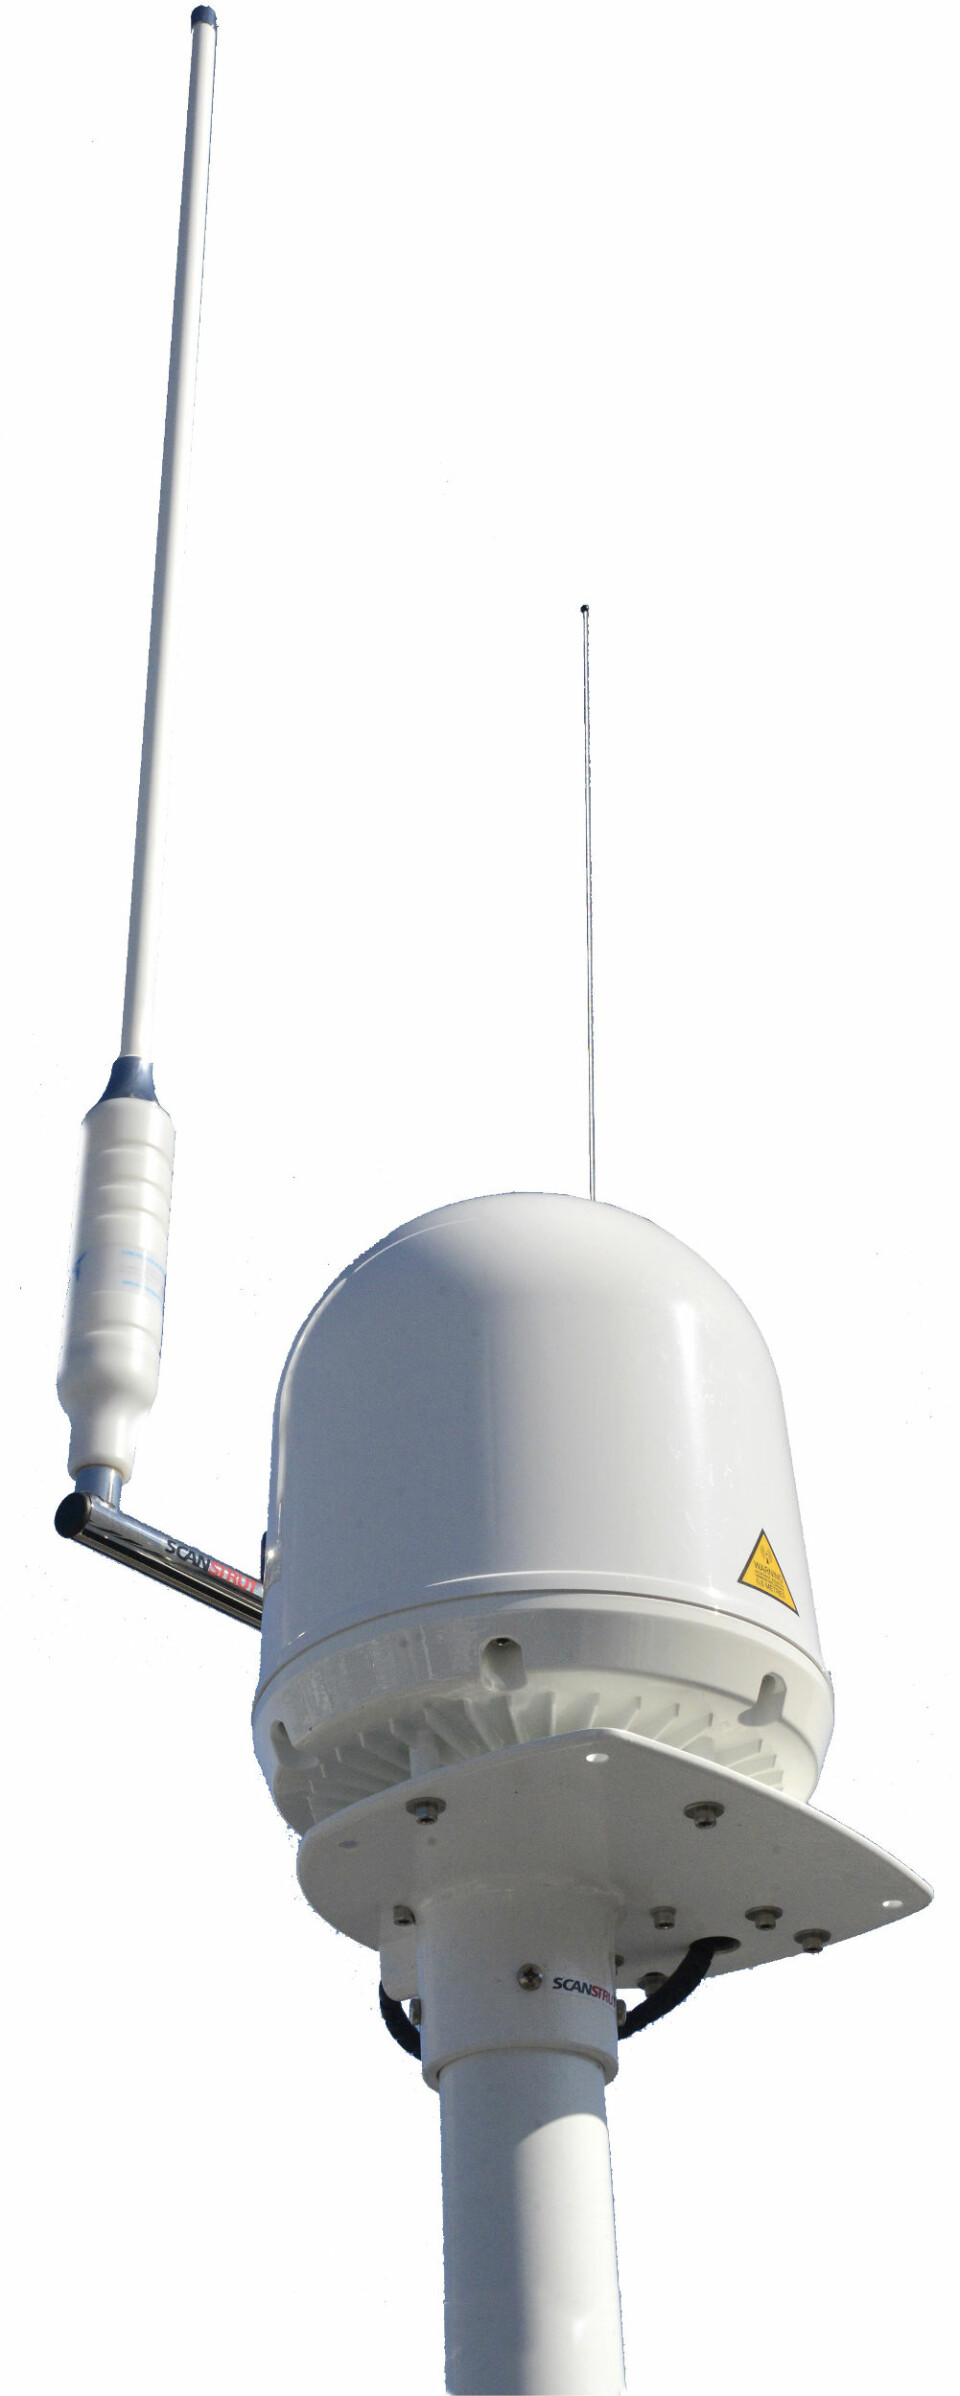 KOMMUNIKASJON: En Wi-Fi-antenne gir bredbånd langt ut på havet hvor Fleet 150 kommunikasjonen tar over.
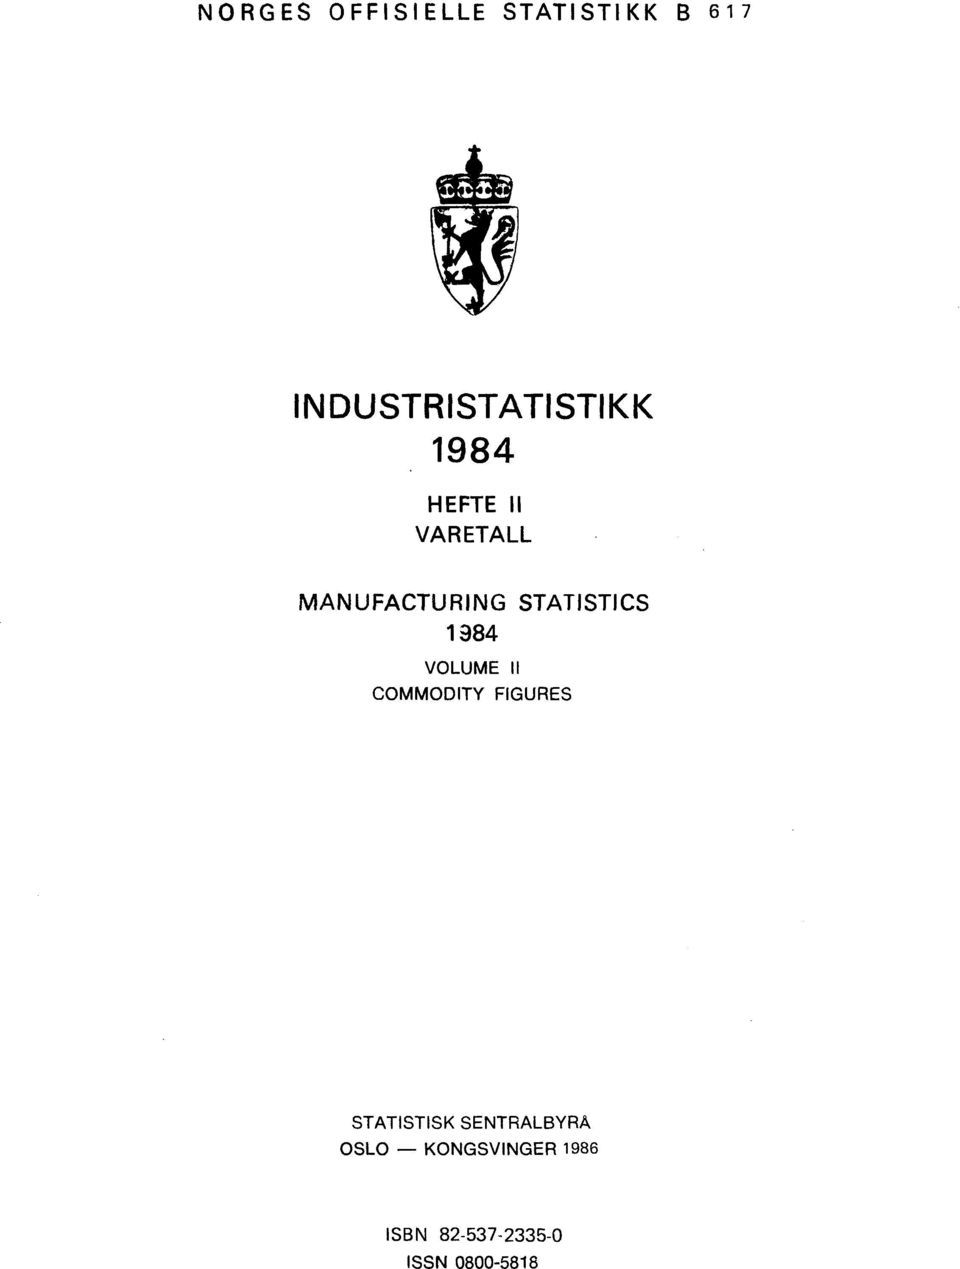 VOLUME II COMMODITY FIGURES STATISTISK SENTRALBYRÅ
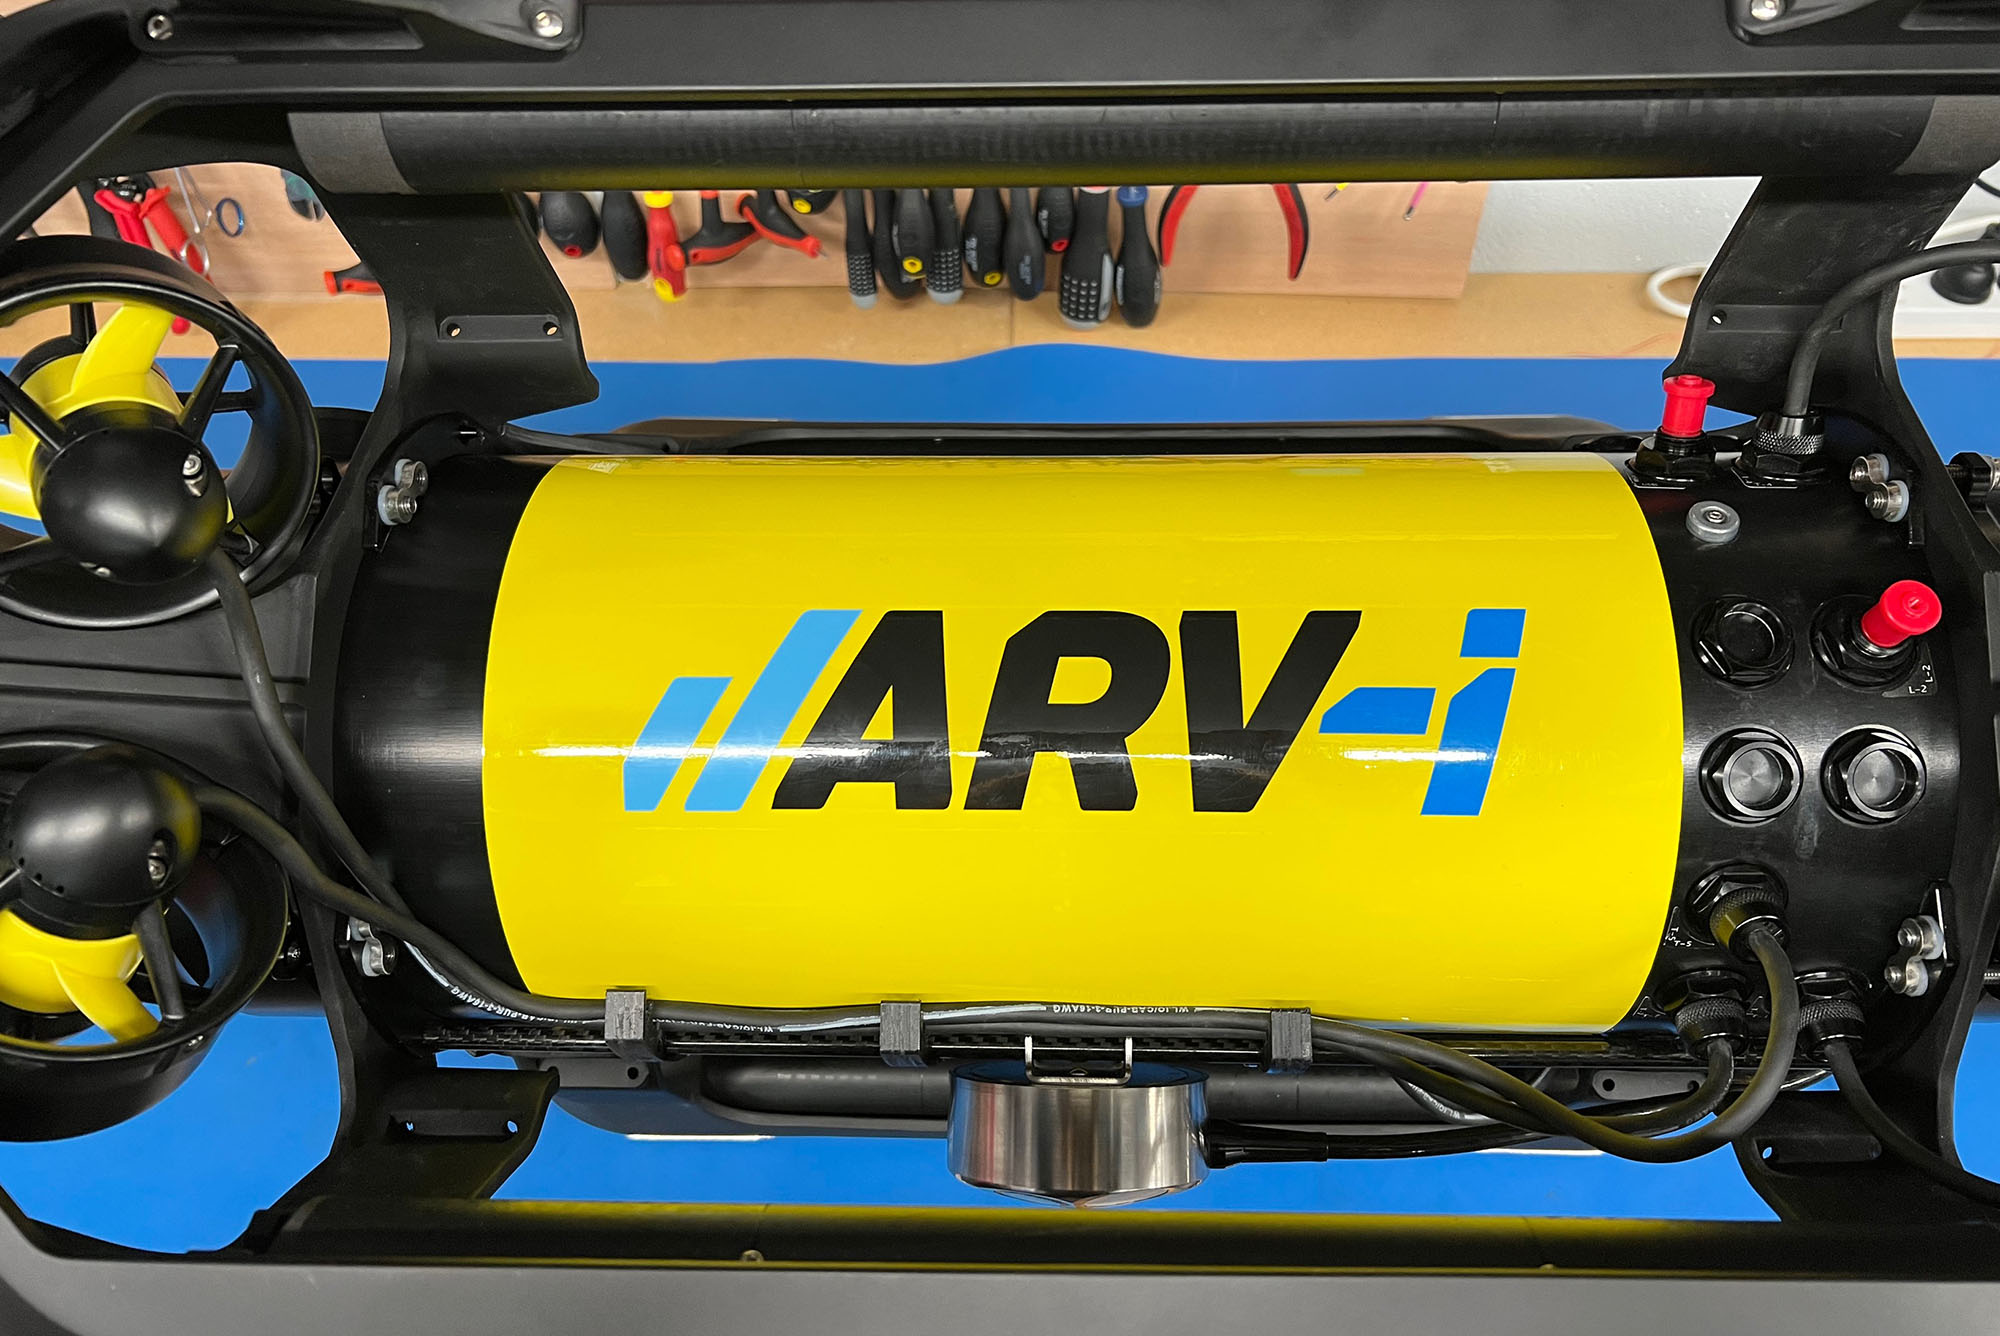 ROV DVL Sensor Installed on the AUV ARV-i
———
TASK GOAL: With the pictures set aside, write out the whole listing exactly.

RESPONSE TO THIS EXERCISE:
 KOMMUNIKASJON: En Wi-Fi-antenne gir bredbånd langt ut på havet hvor Fleet 150 kommunikasjonen tar over.
 VOLUME II COMMODITY FIGURES STATISTISK SENTRALBYRÅ
 ROV DVL Sensor Installed on the AUV ARV-i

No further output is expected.